§ **THE DATA**:
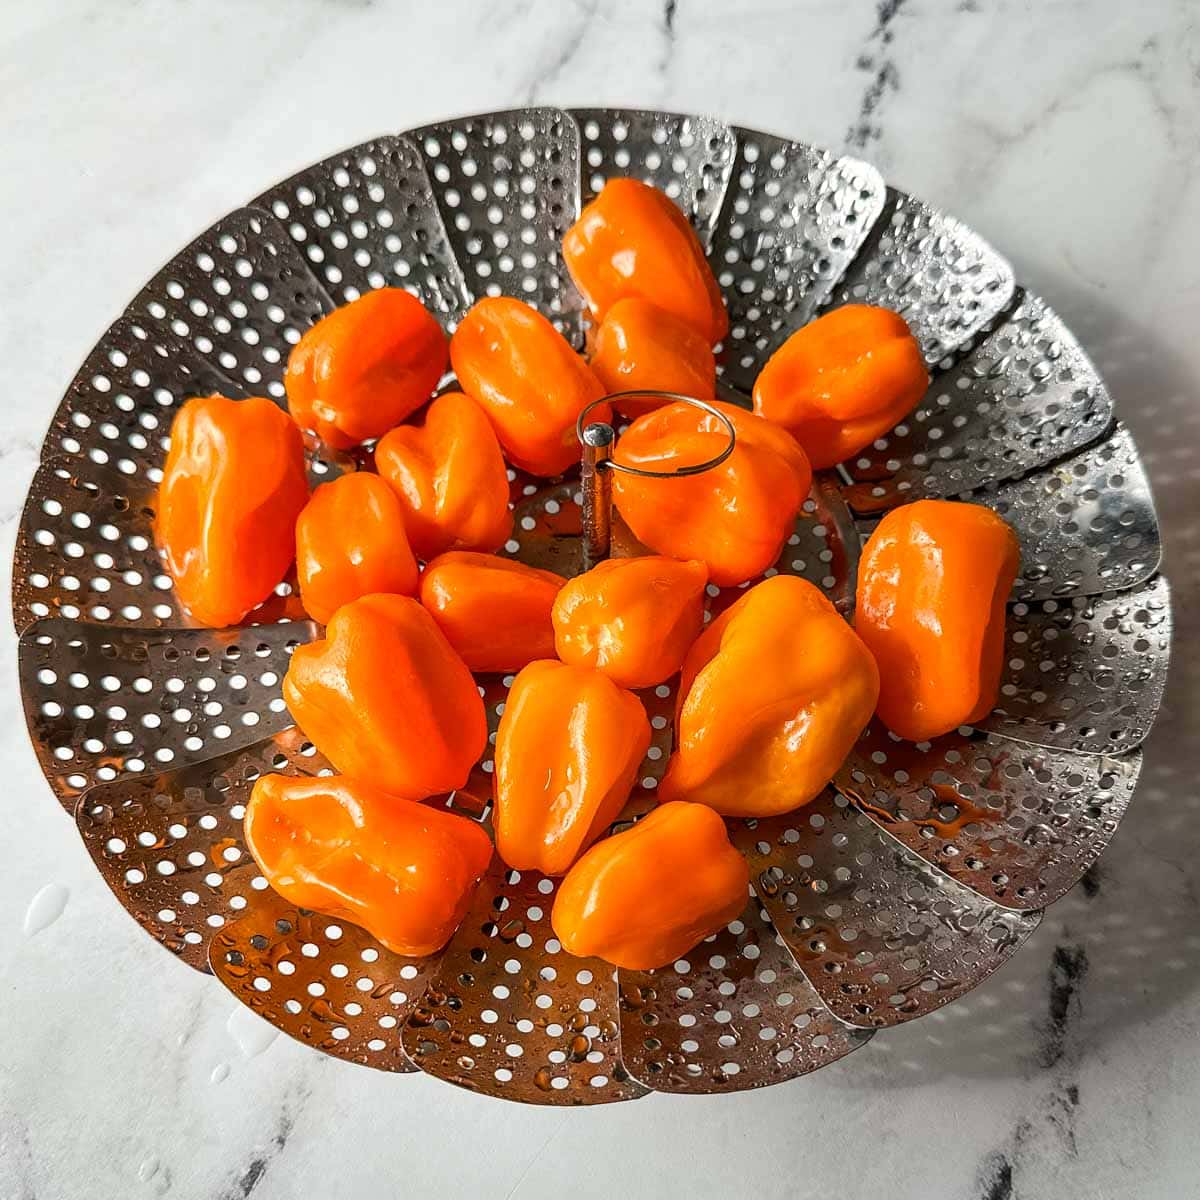 Washed habanero peppers sit in a silver strainer on a white marble counter.
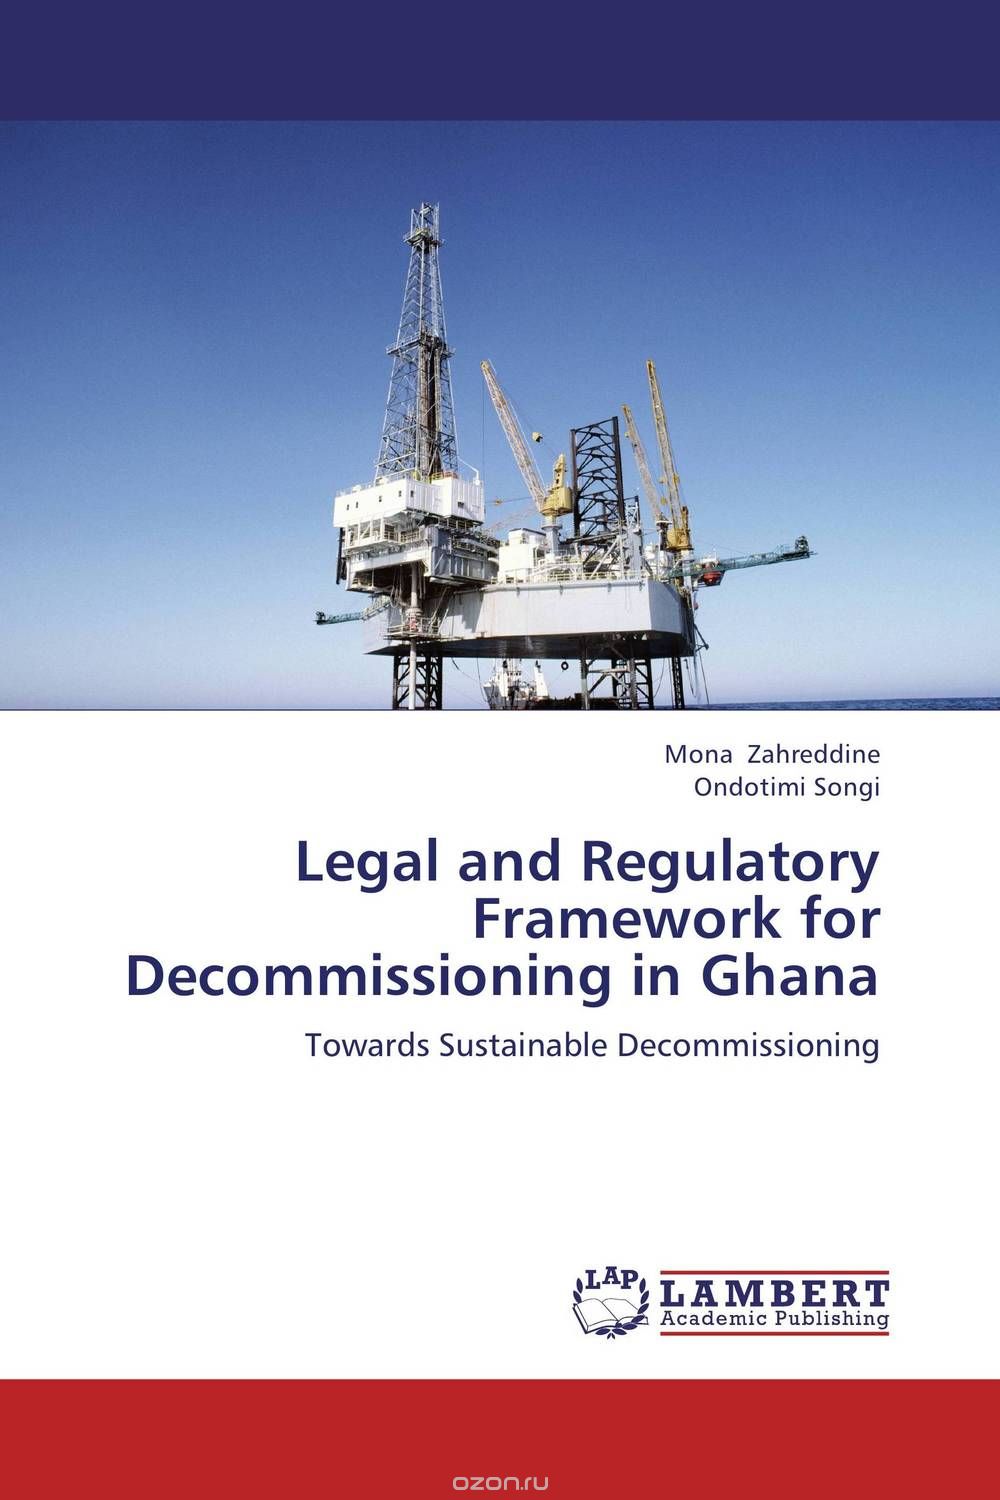 Legal and Regulatory Framework for Decommissioning in Ghana
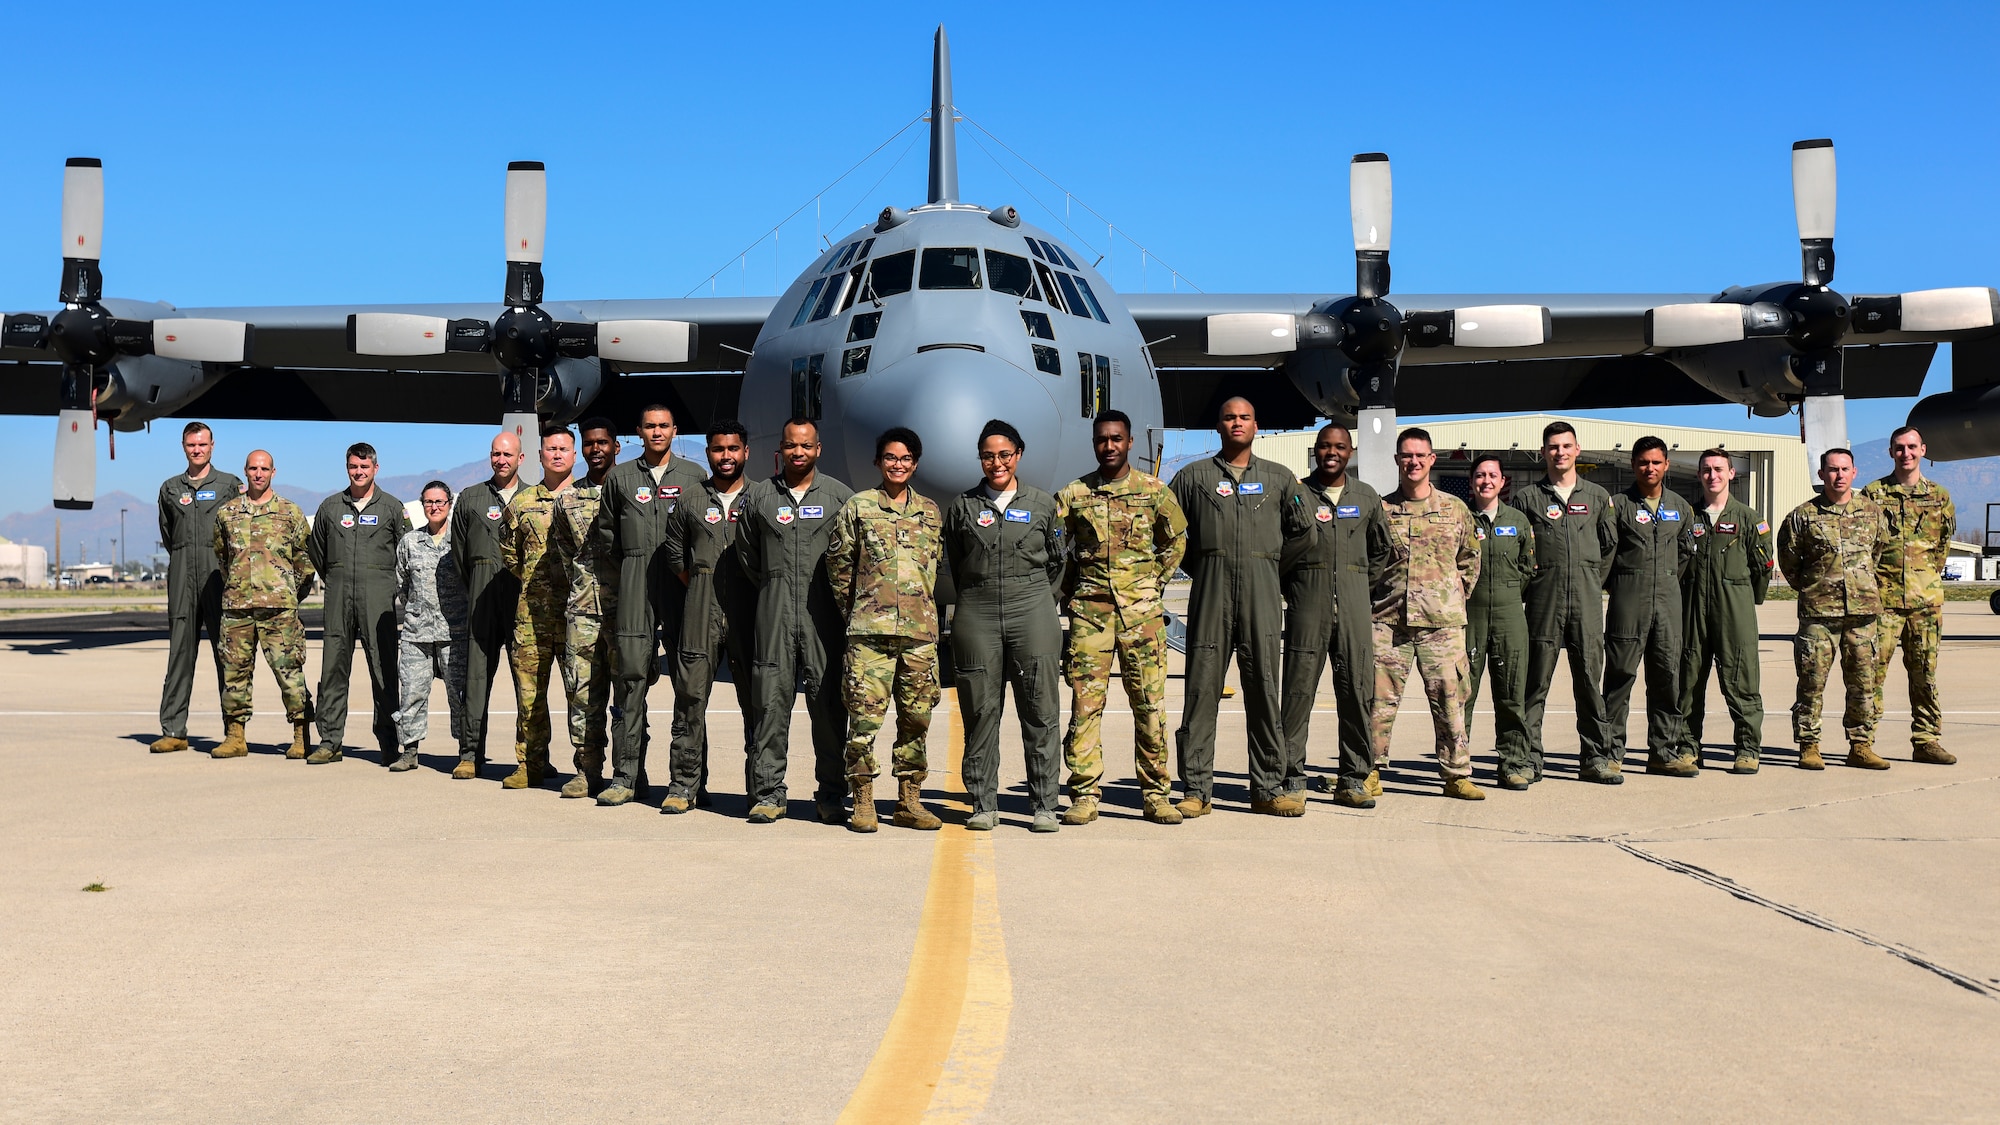 Airmen pose for a photo

§ **TASK**:
All of the data gets printed again exactly; the pictures do not.

§ **RESPONSE TO THE TASK**:
 Washed habanero peppers sit in a silver strainer on a white marble counter.
 Legal and Regulatory Framework for Decommissioning in Ghana
 Airmen pose for a photo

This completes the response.